用PHP解析Wiki标记

用PHP解析Wiki标记,php,regex,parsing,Php,Regex,Parsing,我有一个带有Wiki标记的文本文件。例如: [[April]] April is the fourth month of the year. It has 30 days. The name April comes from that Latin word aperire which means "to open". This probably refers to growing plants in spring. April begins on the same day of week as

我有一个带有Wiki标记的文本文件。例如:

[[April]]

April is the fourth month of the year. It has 30 days. The name April comes from that Latin word aperire which means "to open". This probably refers to growing plants in spring. April begins on the same day of week as July in all years and also January in leap years.

April's flower is the Sweet Pea. Its birthstone is the diamond. The meaning of the diamond is innocence.

== April in poetry ==

Poets use April to mean the end of winter. For example: April showers bring May flowers.

== Events in April ==

[[August]]

August is the eighth month of the year in the Gregorian calendar, coming between July and September. It has 31 days, the same number of days as the previous month, July, and is named after Roman Emperor Augustus Caesar.

== The Month ==

This month was first called Sextilis in Latin, because it was the sixth month in the old Roman calendar. The Roman calendar began in March about 735 BC with Romulus. October was the eighth month. August was the eighth month when January or February were added to the start of the year by King Numa Pompilius about 700 BC. Or, when those two months were moved from the end to the beginning of the year by the decemvirs about 450 BC (Roman writers disagree). In 153 BC January 1 was determined as the beginning of the year.
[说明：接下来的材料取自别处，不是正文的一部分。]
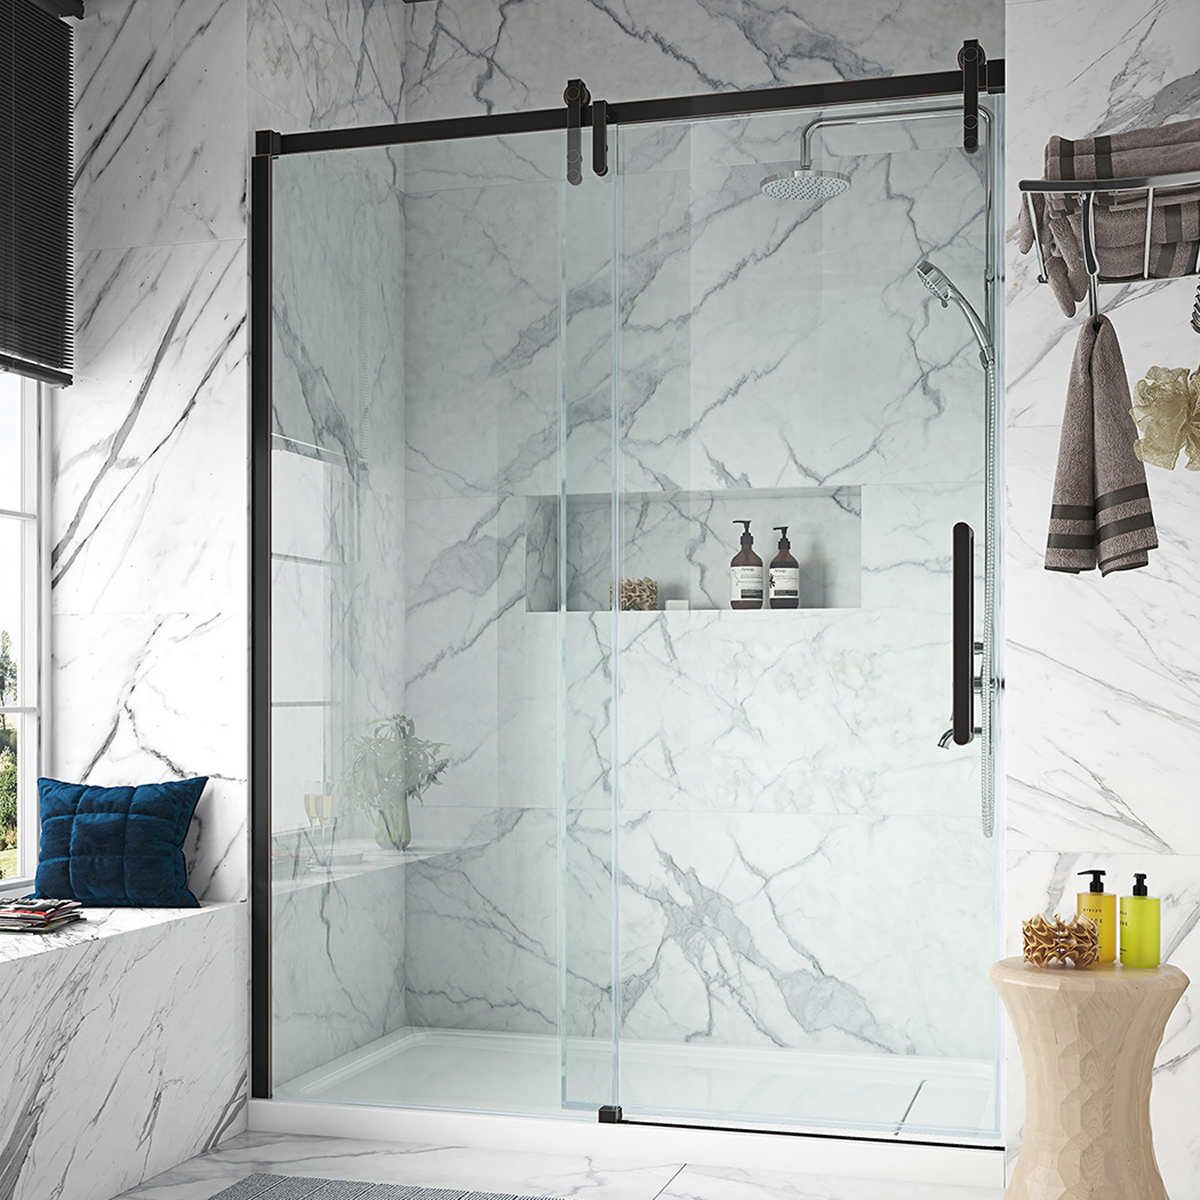 Ove Sheffield 60 Tempered Glass Shower Door In 2020 Shower Doors Glass Shower Doors Glass Shower

August is named for Augustus Caesar who became Roman consul in this month.  The month has 31 days because Julius Caesar added two days when he created the Julian calendar in 45 BC. August is after July and before September.

August, in either hemisphere, is the seasonal equivalent of February in the other. In the Northern hemisphere it is a summer month and it is a winter month in the Southern hemisphere. In a common year, no other month begins on the same day of the week as August, though in leap years, February starts on the same day as August. August always ends on the same day of the week as November.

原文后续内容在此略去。